Kullback–Leibler (KL) Divergence

Revised September 2, 2025

The Importance Sampling note is optional but recommended background reading.

Importance sampling expresses the return of a target policy \(\pi\) using trajectories generated by a behavior policy \(\mu\):

\[ \begin{equation*} \mathbb{E}_{\tau \sim p_\pi}[G(\tau)] = \mathbb{E}_{\tau \sim p_\mu}\!\left[\frac{p_\pi(\tau)}{p_\mu(\tau)}\,G(\tau)\right]. \end{equation*} \]

where \(\tau=(s_0,a_0,\dots,s_{T-1},s_T)\) and \(p_\pi(\tau)=\rho_0(s_0)\prod_{t=0}^{T-1}\pi(a_t\mid s_t)\,P(s_{t+1}\mid s_t,a_t)\) with the same \(\rho_0\) and \(P\) for \(\pi\) and \(\mu\).

The importance weight for a trajectory factorizes into a product of per-step action probabilities:

\[ \begin{equation*} \frac{p_\pi(\tau)}{p_\mu(\tau)} = \prod_{t=0}^{T-1} \frac{\pi(a_t\mid s_t)}{\mu(a_t\mid s_t)}. \end{equation*} \]

This product has high variance when \(\pi\) and \(\mu\) differ substantially.
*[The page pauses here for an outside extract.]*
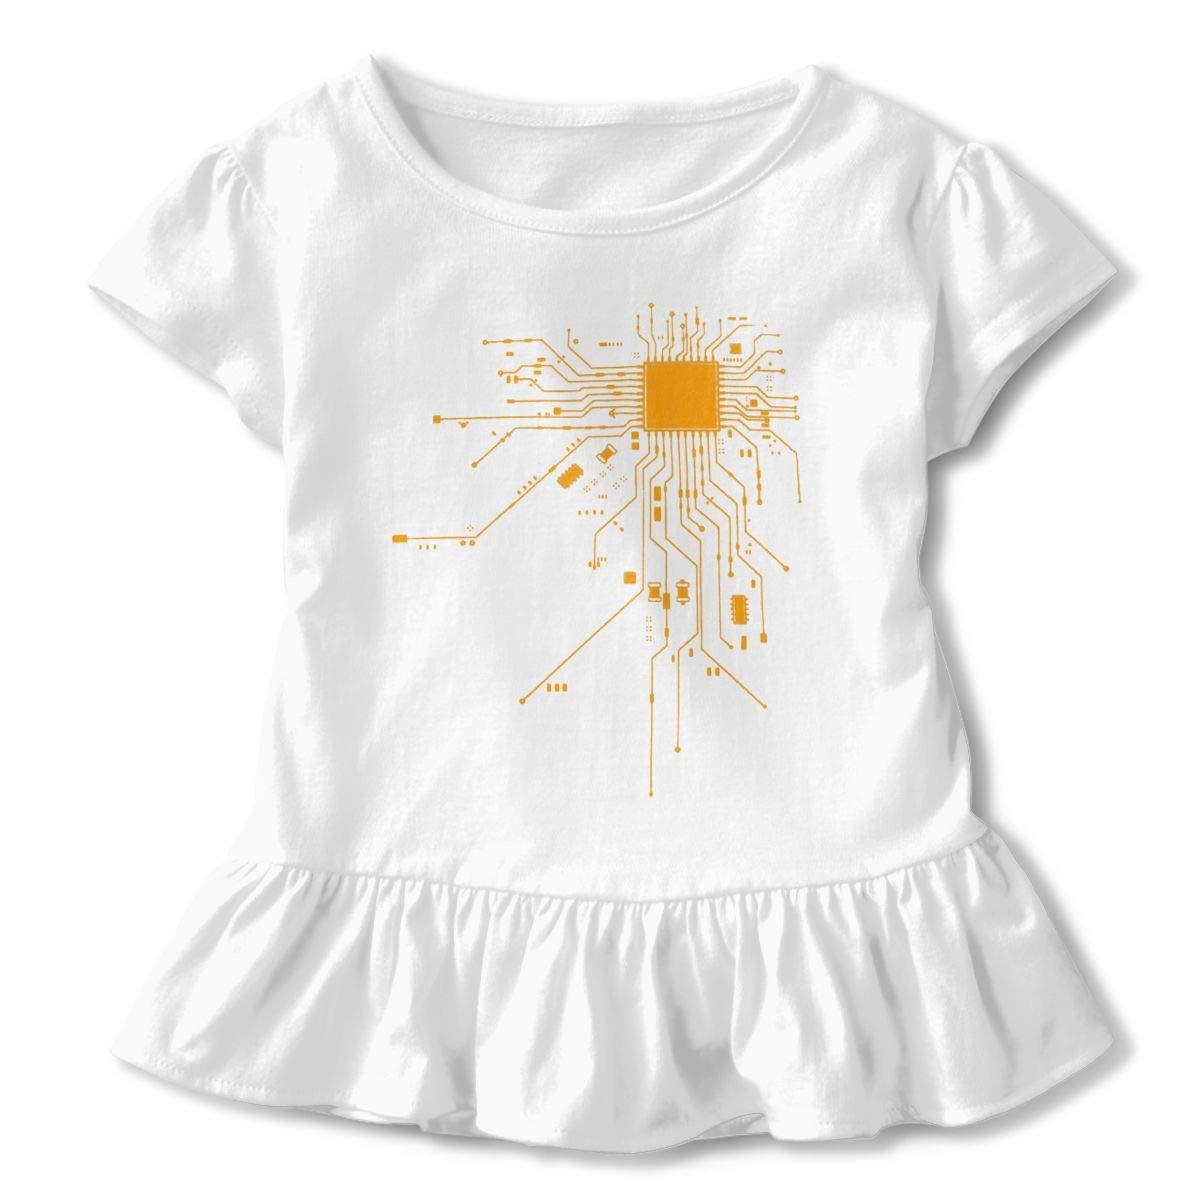 Computer Chip CPU CORE Heart Toddler Little Girl Floral Ruffled Sleeve T-Shirt Tops

Moreover, its multiplicative structure is numerically unstable and obscures the contribution of individual decisions. Applying a logarithm converts products into sums, yielding a per-step additive form:

\[ \begin{equation*} \log \frac{p_\pi(\tau)}{p_\mu(\tau)} = \sum_{t=0}^{T-1} \log \frac{\pi(a_t\mid s_t)}{\mu(a_t\mid s_t)} \;. \end{equation*} \]

This decomposition is more stable and isolates the influence of each action on the total ratio. Averaging this quantity under \(p_\pi\) produces:

\[ \begin{equation*} \mathbb{E}_{\tau \sim p_\pi}\!\left[ \log \frac{p_\pi(\tau)}{p_\mu(\tau)} \right], \end{equation*} \]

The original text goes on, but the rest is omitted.